## Trying OpenCV
OpenCV (Open Source Computer Vision Library) is an open source computer vision and machine learning software library.<br/>
Being a BSD-licensed product, OpenCV makes it easy for businesses to utilize and modify the code.

The library has more than 2,500 optimized algorithms, which includes a comprehensive set of both classic and state-of-the-art computer vision and machine learning algorithms.
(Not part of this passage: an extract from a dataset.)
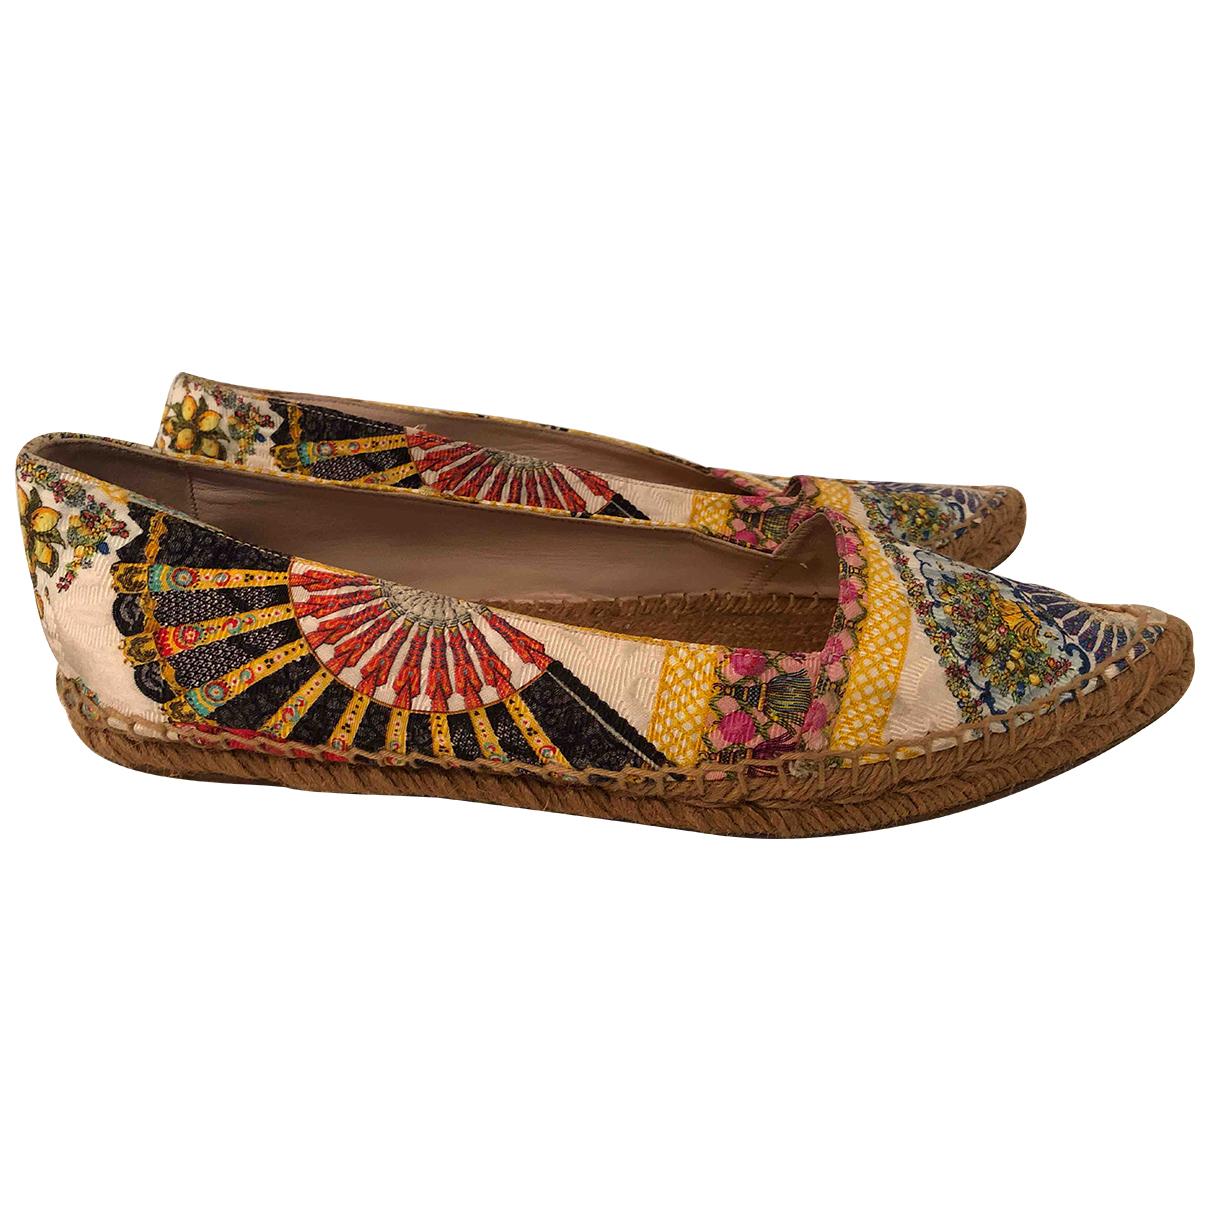 Dolce & Gabbana - Espadrilles   pour femme en cuir - multicolore

These algorithms can be used to detect and recognize faces, identify objects, classify human actions in videos, track camera movements, track moving objects, extract 3D models of objects, produce 3D point clouds from stereo cameras, stitch images together to produce a high resolution image of an entire scene, find similar images from an image database, remove red eyes from images taken using flash, follow eye movements, recognize scenery and establish markers to overlay it with augmented reality, etc.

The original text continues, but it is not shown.